Esok harinya, lagi-lagi mereka tetap saja
seperti itu. Aku makin kesal dengan mereka. Aku memutuskan hari ini untuk
bermain bersama Nia dan Ina. Hari ini giliran ku, Ani, Mitha dan Bella piket. Aku
mengambil sapu di belakang kelasku. “Mitha! apa kabarmu?” tanya ku pada Mitha, “siapa kamu? aku nggak kenal! jangan sok
kenal ya!” ucap Mitha sombong. Mendengar ucapan dari Mitha, aku merasa terpukul
dengan kata salah satu sahabatku itu. Aku pun tetap menyapu kelasku sambil berpikir apa yang sebenarnya terjadi.
Aku melihat sifat sahabatku beda dengan yang dulu.
Sejak Ani, Mitha dan Bella bermain terus dengan Mia dan Pina, aku merasa ada
yang beda dengan sahabatku. Mereka serasa terus menjauhiku setiap hari. Itu
menambah rasa galau ku semakin terasa. Untung ada teman yang mau bermain denganku yaitu, Nia dan Ina. Mereka
setia menemani ku setiap hari. “Ini Nad, permen buat kamu!” ucap Nia sambil memberikan permen itu
kepada ku, “wah.. terima kasih ya!” sahut ku sambil menerima permen itu.

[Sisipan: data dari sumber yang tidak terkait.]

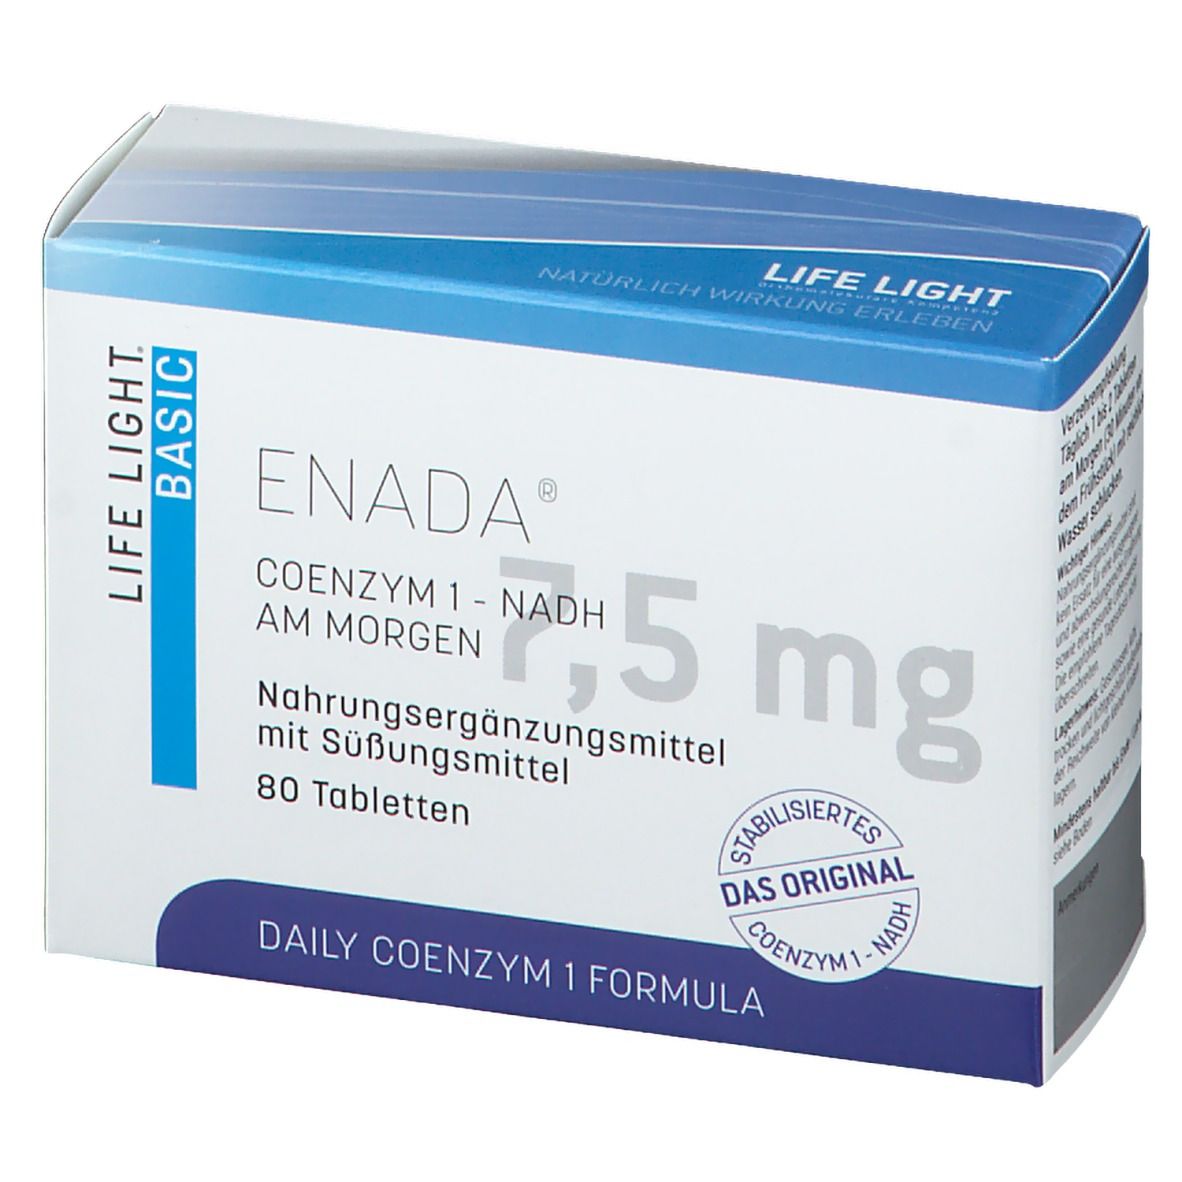 LIFE LIGHT ENADA® Coenzym 1-NADH

Waktu sudah berlalu, waktunya pulang. Semua
anak nampak sibuk merapikan bukunya dan bergegas pulang. Aku pun keluar kelas,
tiba-tiba ada seseorang yang menginjak sepatuku dari belakang. Aku menoleh ke belakang, dan dia
adalah Mitha. “ooppsss… maaf!” ucap Mitha sambil tersenyum jahat. Karena aku kesal akan
perbuatannya, aku segera berlari.
Sampai di rumah, Aku mengganti baju dan
megerjakan PR. Sambil mengerjakan PR, aku berpikir bahwa sahabatku tidak peduli lagi
denganku, dan mereka mencoba untuk membullyku. Karena aku sering dibully di
sekolahan, aku tetap menerima dan belajar sabar untuk menghadapi semua cobaan
yang diberikan. Walau ditinggal sahabatku, aku masih mempunyai banyak teman,
dan bukan hanya mereka yang bisa menjadi teman ku. Dari itulah aku belajar
menjadi anak yang tegas, percaya diri dan sabar.